Well, to be honest, I have no clue about anything, being new to all this.  I was looking at books and pictures online, and at the doe condition chart in one of our books, and I can very easily feel their ribs and slightly see them.  But they do seem healthy and energetic, their droppings are appropriate, and honestly it could just be newbie confusion!  

So...we will resist the temptation to increase their feed at least until we can judge it a little better, counting on their available forage and free choice hay to help them fatten up if they need it.  

I have some wormer left over from the previous owners, it's the medicated food type, does that treat all kinds?  (The bag itself has no label on it).  Should we get a fecal test done or just try that?  

I checked into alfalfa hay and it's not available nearvy, but pellets and cubes are.  Cubes didn't seem a good idea, and we could pellets to combine with their food or just stick with what we've got.  

And I agree, they're adorable!  As sweet as dogs, and good dogs at that.  Although one of them was trying to play with my two year old and head butted him slightly and he fell over, boy was he upset and the goat looked so ashamed when I yelled at her!)  She likes him so much and truly just wanted to play.  So we'll make sure we monitor things, but they are definitely all cute together and so much fun.


----------



## cmjust0 (Sep 21, 2009)

Jster said:
			
		

> Well, to be honest, I have no clue about anything, being new to all this.  I was looking at books and pictures online, and at the doe condition chart in one of our books, and I can very easily feel their ribs and slightly see them.  But they do seem healthy and energetic, their droppings are appropriate, and honestly it could just be newbie confusion!


OR...maybe the pictures lied a little, and they're thinner in real life than they appeared to me in the pictures.





			
				Jster said:
			
		

> So...we will resist the temptation to increase their feed at least until we can judge it a little better, counting on their available forage and free choice hay to help them fatten up if they need it.

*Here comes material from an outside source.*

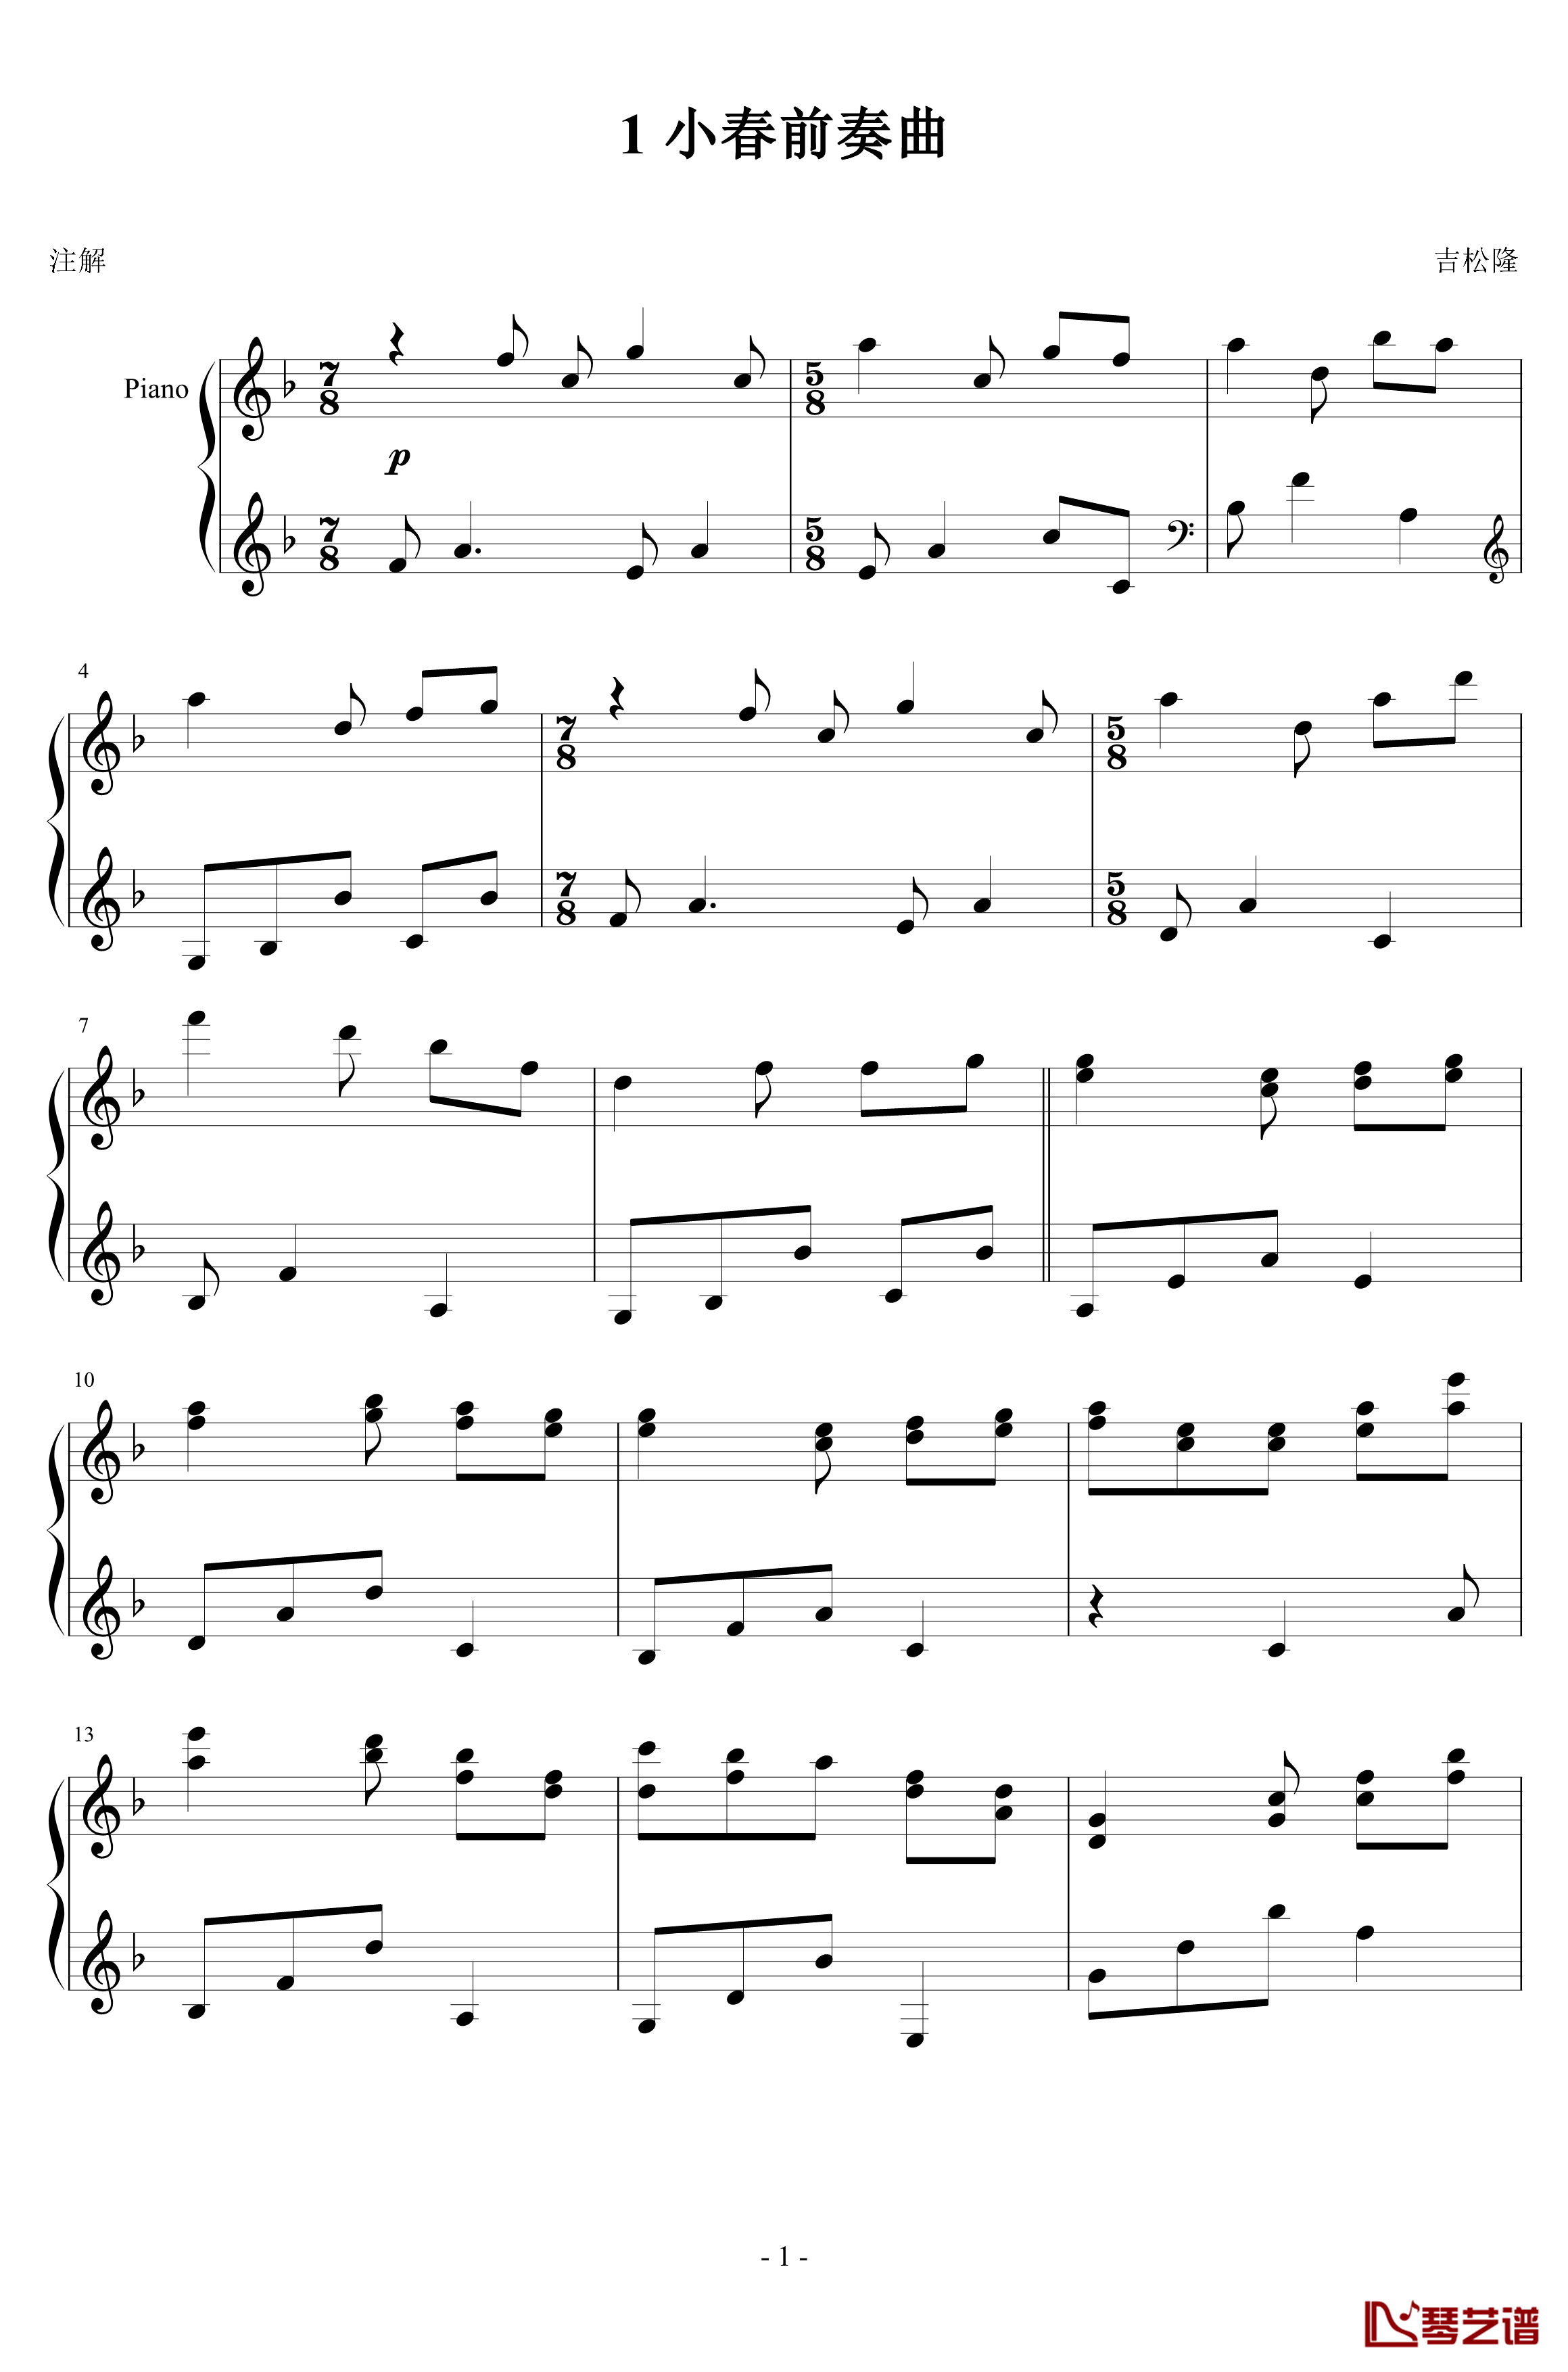 1 小春天气钢琴谱-吉松隆1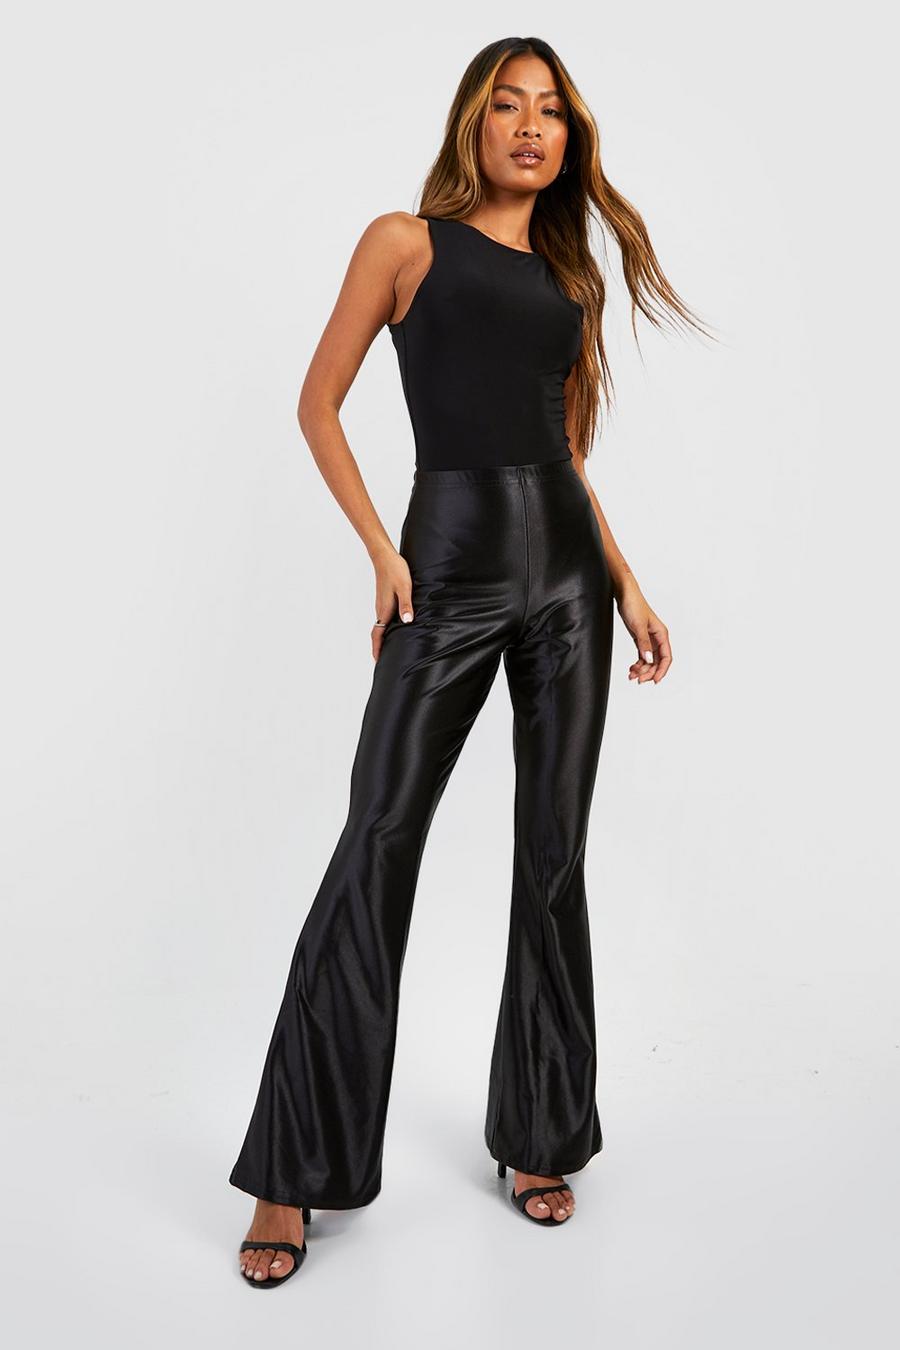 https://media.boohoo.com/i/boohoo/gzz68495_black_xl/female-black-stretch-satin-fit-&-flare-trousers/?w=900&qlt=default&fmt.jp2.qlt=70&fmt=auto&sm=fit

Actually, I'd advise ignoring me on this point, since it appears that I gacked it from the get-go..  

Go with your gut...if you think they're too thin, they're probably too thin.  If your gut tells you that they need extra supplementation, give it.



			
				Jster said:
			
		

> I have some wormer left over from the previous owners, it's the medicated food type, does that treat all kinds?  (The bag itself has no label on it).


Personally, I don't like the idea of the deworming pellet.  To be fair, though, I've never used it and it may work like gangbusters...I just personally feel more comfortable putting a syringe full of something down their piehole.  Then you know they got it, and that one didn't knock the other one out and eat 3/4ths of the pellets...and nobody knocked it over or wasted it, or whatever.

If they're wormy now after having been exposed to the pellet dewormer in the past, it may be prudent to switch dewormer classes anyway.  The active ingredient in deworming rations is most often morantel tartrate or pyrantel or something like that, which is in the nicotinic anthelmintic family...though Safe Guard makes one that contains fenbendazole, but more on that in a sec..

Now, assuming that it's a morantel- or pyrantel-based product, that leaves you with the white wormers (safe guard, panacur, valbazen, etc) and the _ectin family (ivomec, cydectin, eprinex, etc)..  

If it's a Safe Guard pellet dewormer with fenbendazole, you're looking at either an _ectin, one of the morantel/pyrantel dewormers, or a levamisole dewormer..  Of the three, I'd choose an _ectin simply because the morantel/pyrantel is usually ration dewormer (of which I've already expressed my dislike) and because levamisole is dangnear impossible to find these days.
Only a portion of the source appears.